## THE PROBLEM
The whole listing below must be printed again exactly, images excluded.

## DATASET CONTENT
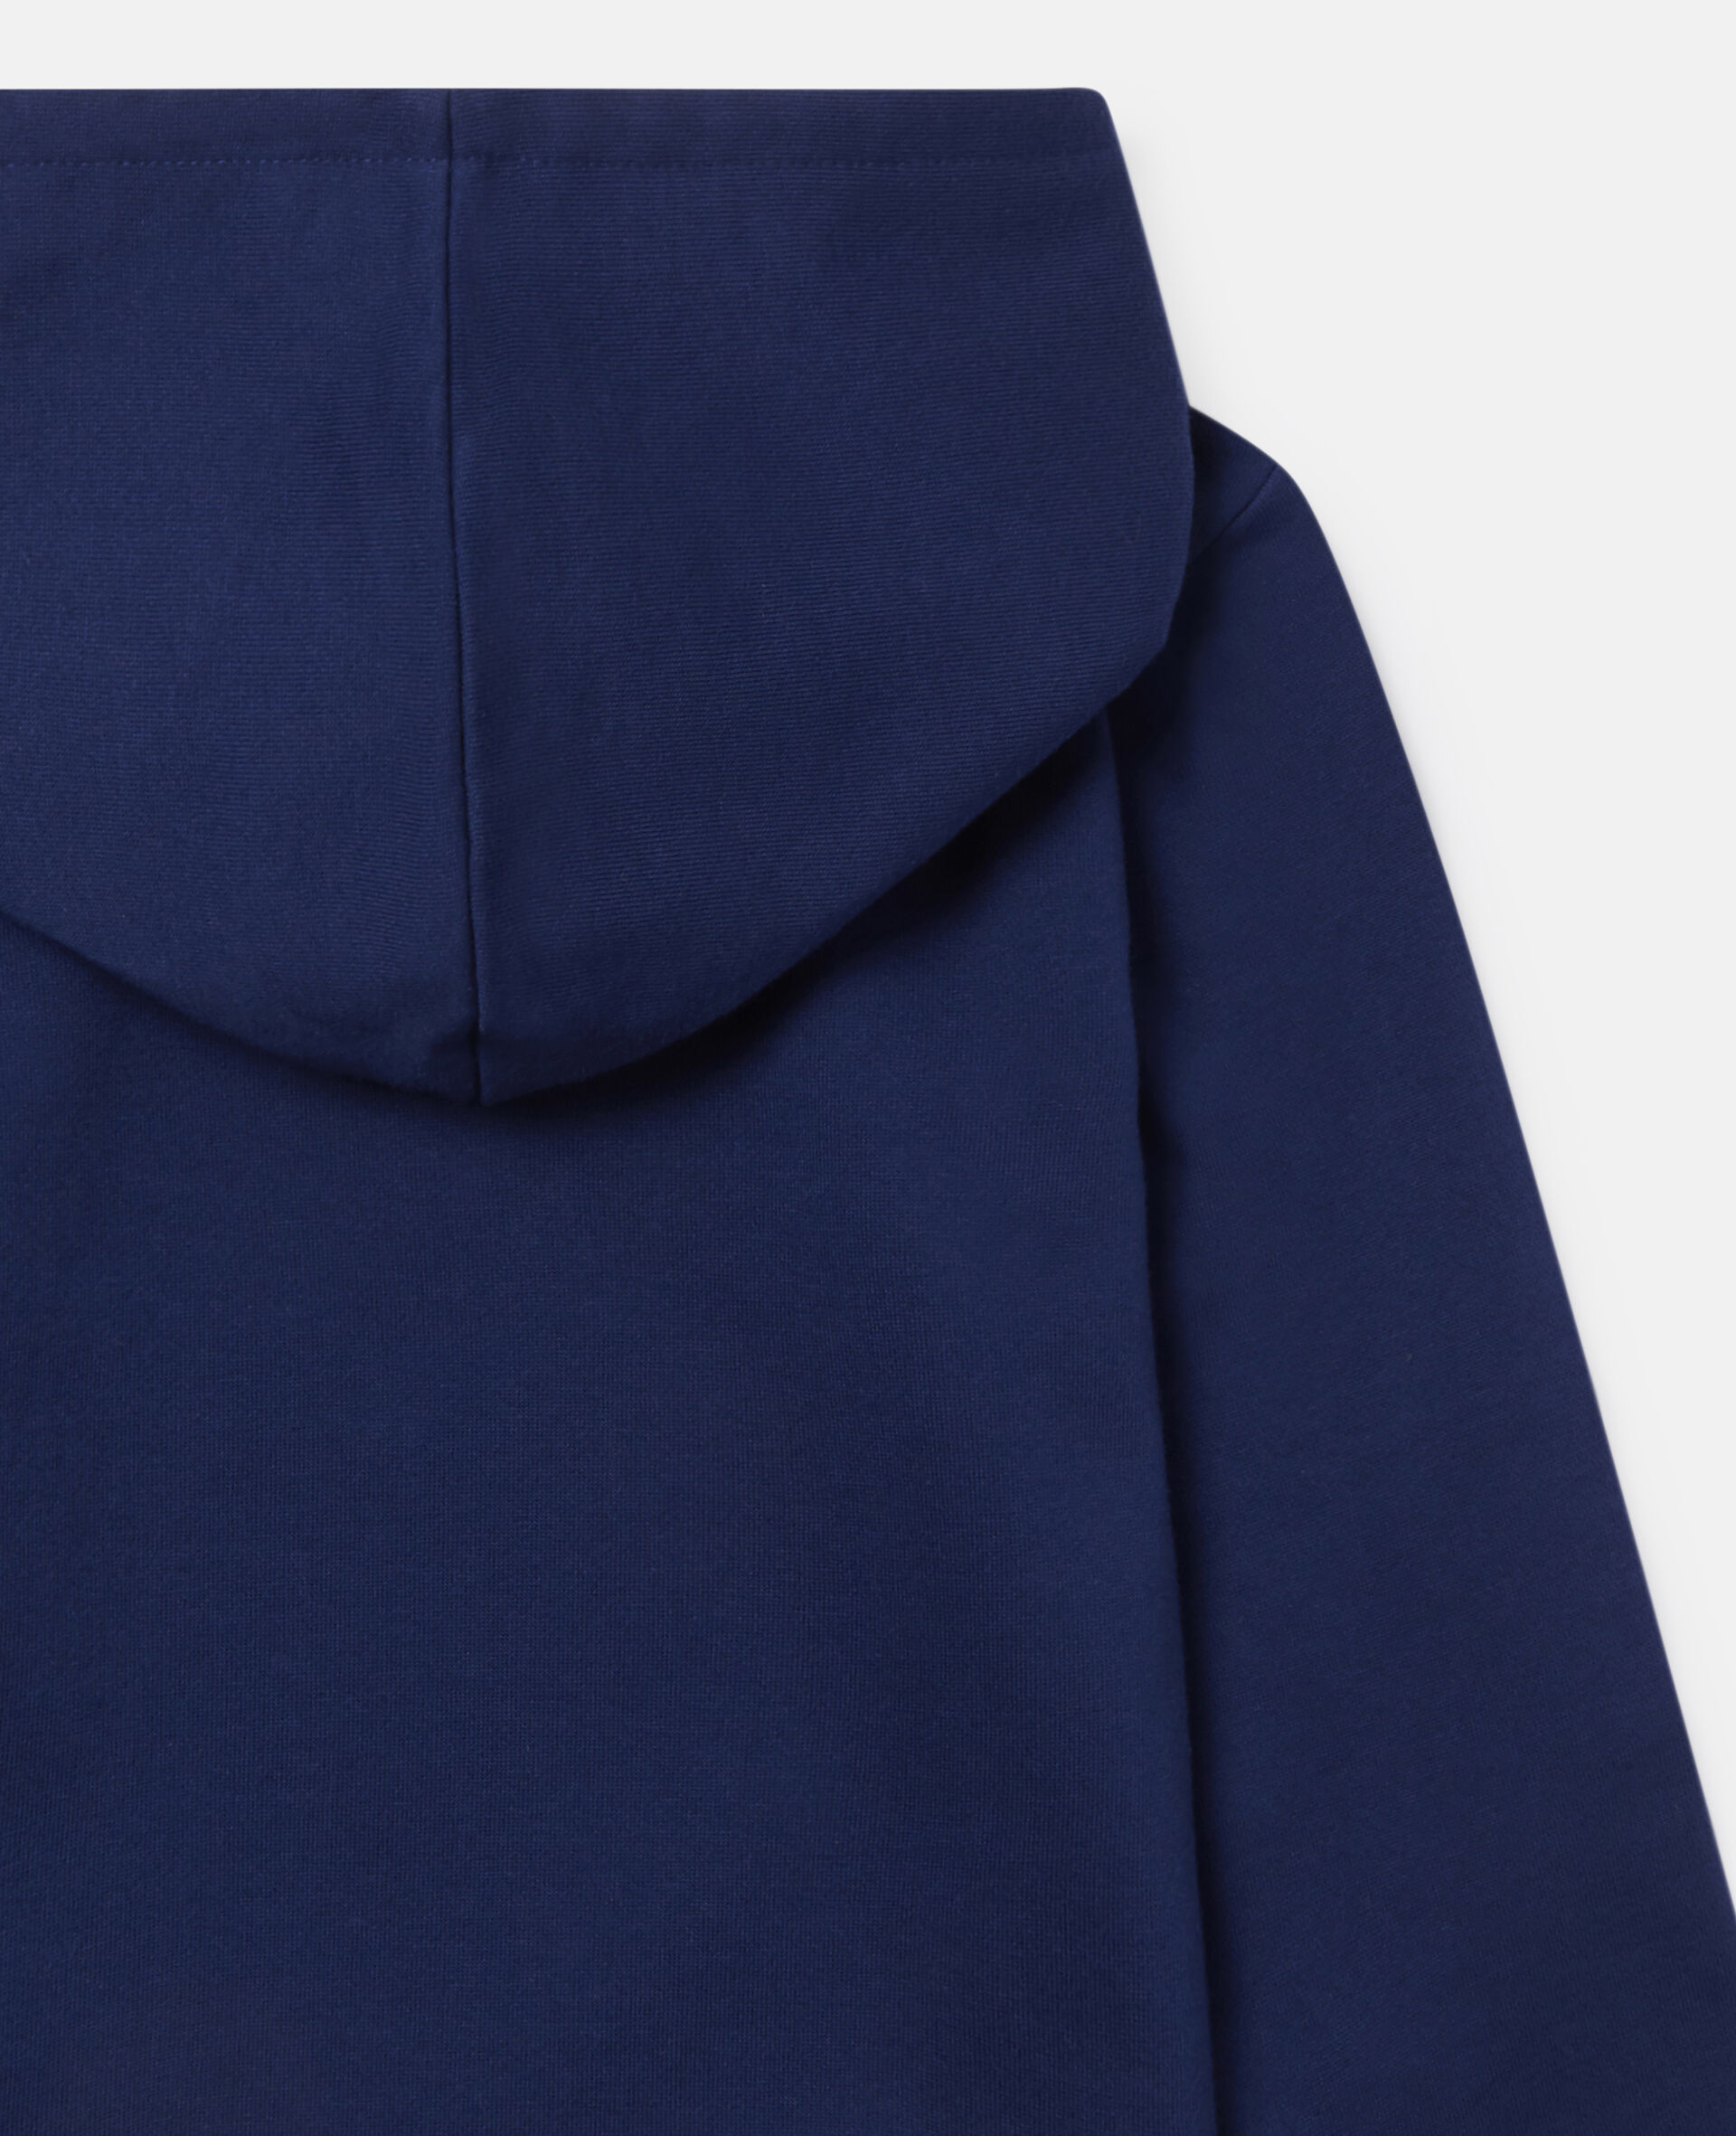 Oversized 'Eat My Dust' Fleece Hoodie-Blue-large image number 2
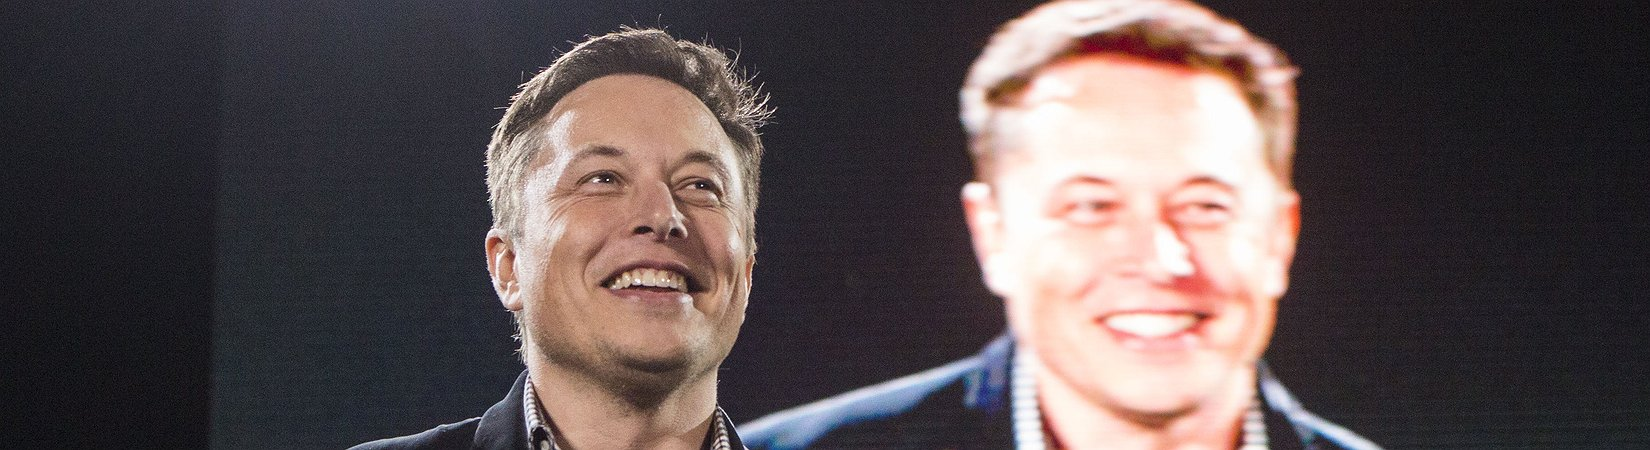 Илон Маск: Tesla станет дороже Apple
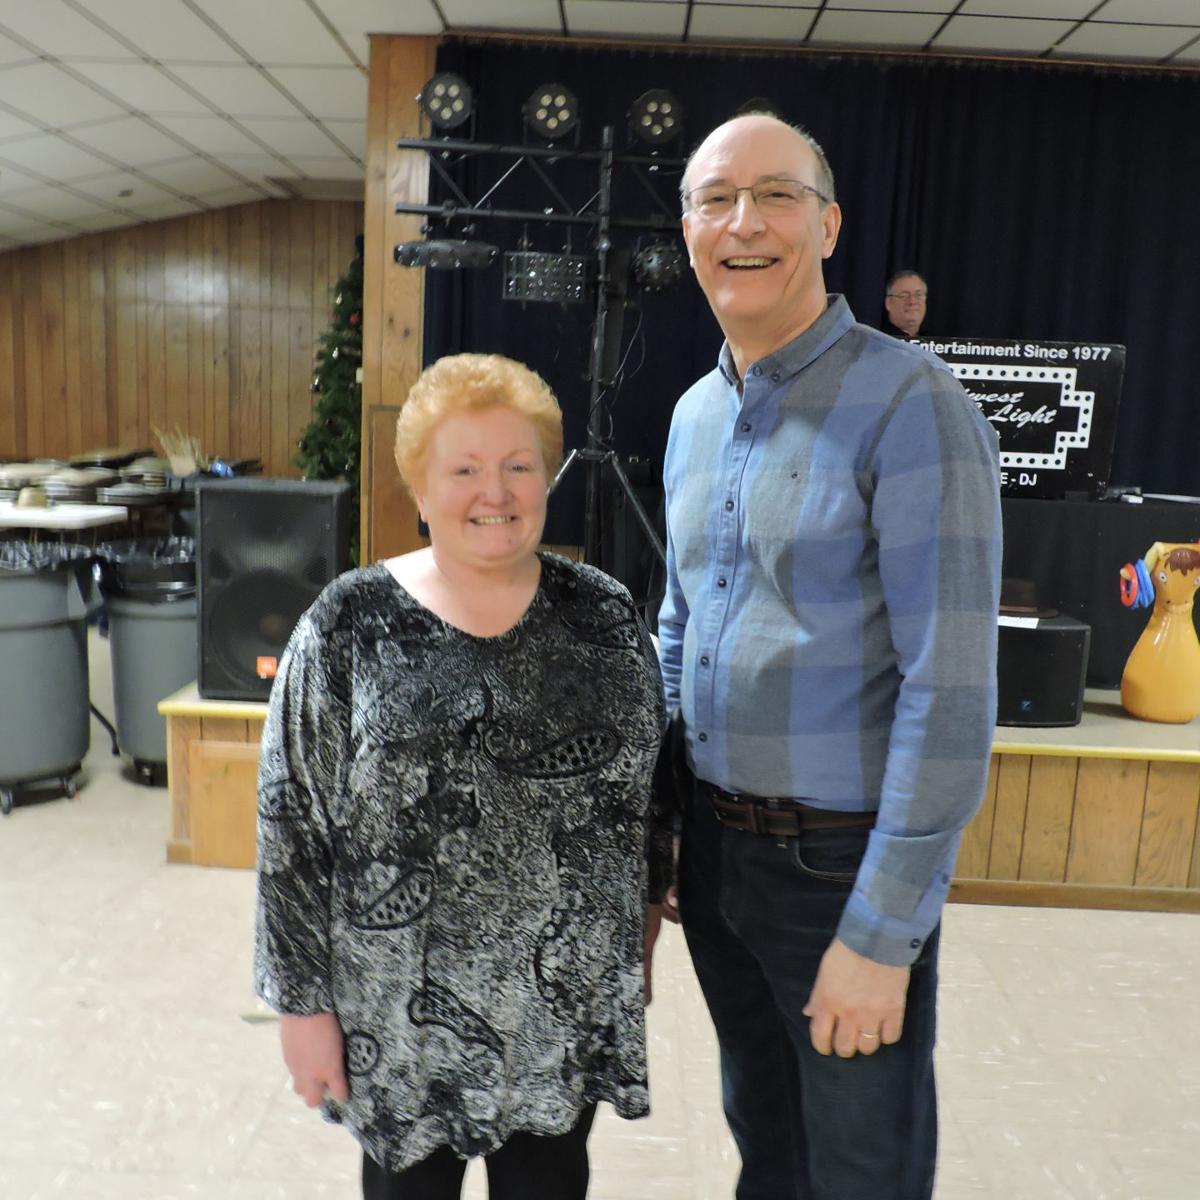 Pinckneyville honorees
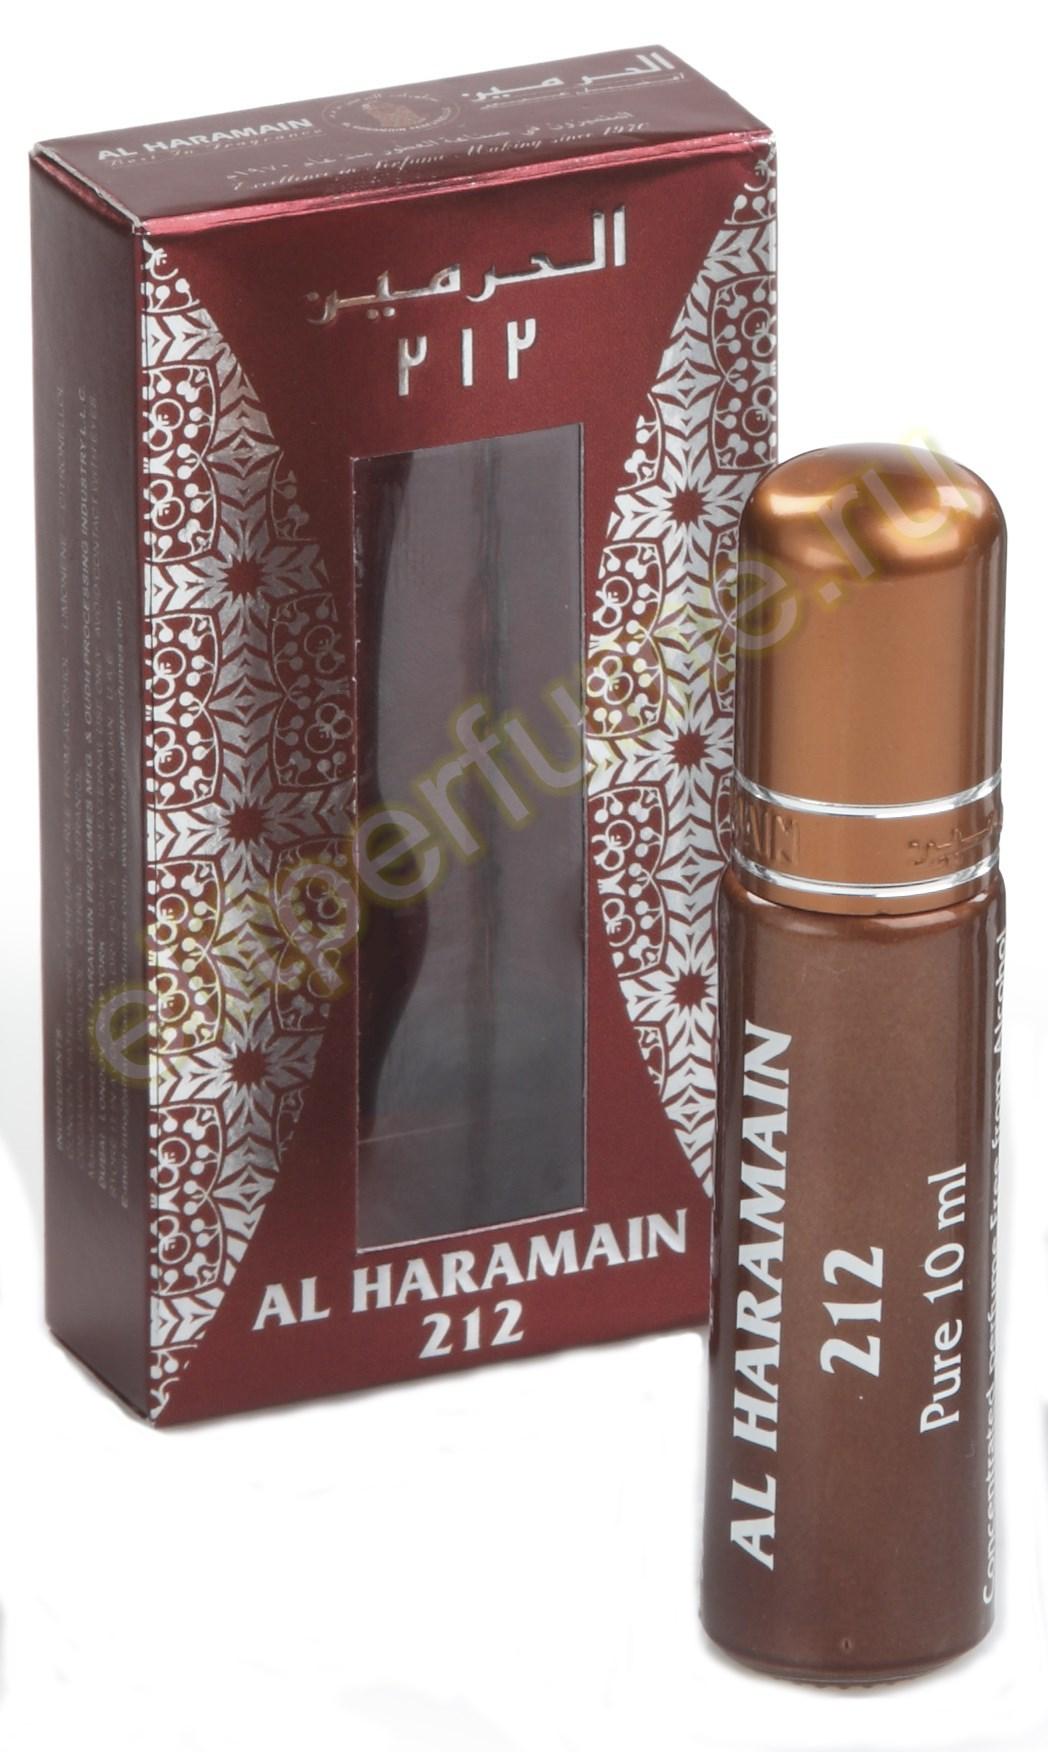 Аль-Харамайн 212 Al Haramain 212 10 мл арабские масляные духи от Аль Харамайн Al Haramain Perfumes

## RESULT
 Oversized 'Eat My Dust' Fleece Hoodie-Blue-large image number 2
 Илон Маск: Tesla станет дороже Apple
 Pinckneyville honorees
 Аль-Харамайн 212 Al Haramain 212 10 мл арабские масляные духи от Аль Харамайн Al Haramain Perfumes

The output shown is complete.